En France, mais aussi au Luxembourg, le système familial allemand a brisé des vies. Nous avons rencontré une Mosellane qui l’accuse d’avoir séquestré son fils, «au mépris du droit élémentaire».
«Tu peux faire un bisou à ta maman, pour lui dire au revoir.» C’était le 8 juin 2017. Séverine Breit est au tribunal de Sarrebourg (Rhénanie-Palatinat) avec son enfant, dont elle détient le droit de garde exclusif. Pourtant, sans crier gare, la juge prononce cette sentence terrible. Dans la mémoire de Séverine, le temps s’est figé. «C’est là que j’ai compris que mon fils ne repartirait pas avec moi en France. Le jour de son anniversaire», souffle la jeune femme, la voix coupée.
Le matin même, son garçon fêtait ses cinq ans dans son école française, sans savoir qu’il disait en réalité adieu à ses petits camarades. Cette journée, qui aurait dû être festive, hante depuis sa mère.
«Le Jugendamt assure qu’il agit dans l’intérêt de l’enfant»

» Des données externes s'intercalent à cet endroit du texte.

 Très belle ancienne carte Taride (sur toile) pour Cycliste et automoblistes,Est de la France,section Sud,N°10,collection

Pour cette frontalière française de 36 ans, le système familial allemand est devenu un calvaire. En particulier le Jugendamt. Chargée de la «protection de la jeunesse» et de «l’assistance aux familles», cette administration publique est régulièrement fustigée pour sa volonté de maintenir sur le sol allemand les enfants nés de parents binationaux. Dans une interview accordée au Républicain lorrain, l’eurodéputé Édouard Martin résume les critiques : «Le Jugendamt assure qu’il agit dans l’intérêt de l’enfant, mais il agit clairement dans le seul intérêt de l’Allemagne. Il faut que l’enfant reste sur le sol allemand, c’est tout ce qui compte.»

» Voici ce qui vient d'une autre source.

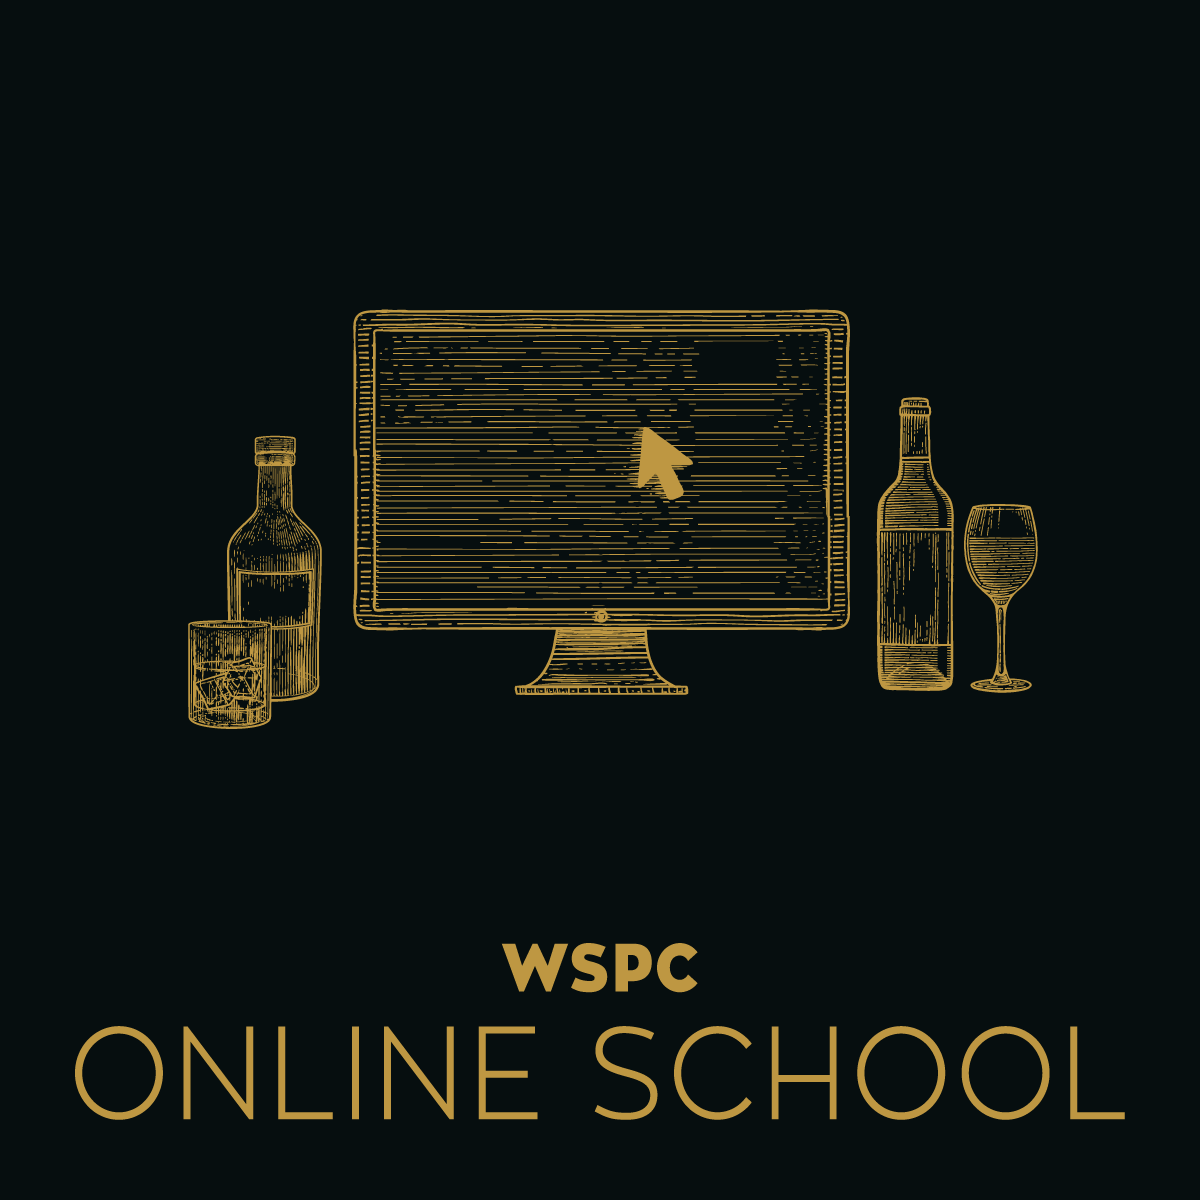 WSPC ONLINE SCHOOL

Le Jugendamt participe à toute procédure impliquant un enfant. Mais il est bien plus qu’un conseiller pour les juges : il est «partie en cause», comme les parents. Autrement dit, en Allemagne, les enfants ont un troisième parent : le Jugendamt.
Longue liste de cas similaire
Si le témoignage de Séverine Breit donne évidemment une vision partiale des faits, il rejoint une longue liste de cas similaires. En 11 ans, la commission des pétitions du Parlement européen a reçu près de 300 pétitions de citoyens européens sur le seul sujet de litiges avec l’Allemagne sur des droits de garde d’enfants.
Pour Séverine, tout commence en 2007 : elle est française (de Moselle, à Kerbach), lui est allemand (de la région de Trèves). Ils s’installent ensemble en Allemagne, à Oberbillig, dans leur maison commune. En juin 2012, la famille s’agrandit. L’enfant, né à Thionville, a la double nationalité. Mais le couple se déchire. « J’ai subi des violences conjugales. Donc, pour nous protéger avec mon fils, on est retournés vivre en France, chez mes parents, en toute légalité», explique Séverine Breit, qui dispose de l’autorité parentale exclusive.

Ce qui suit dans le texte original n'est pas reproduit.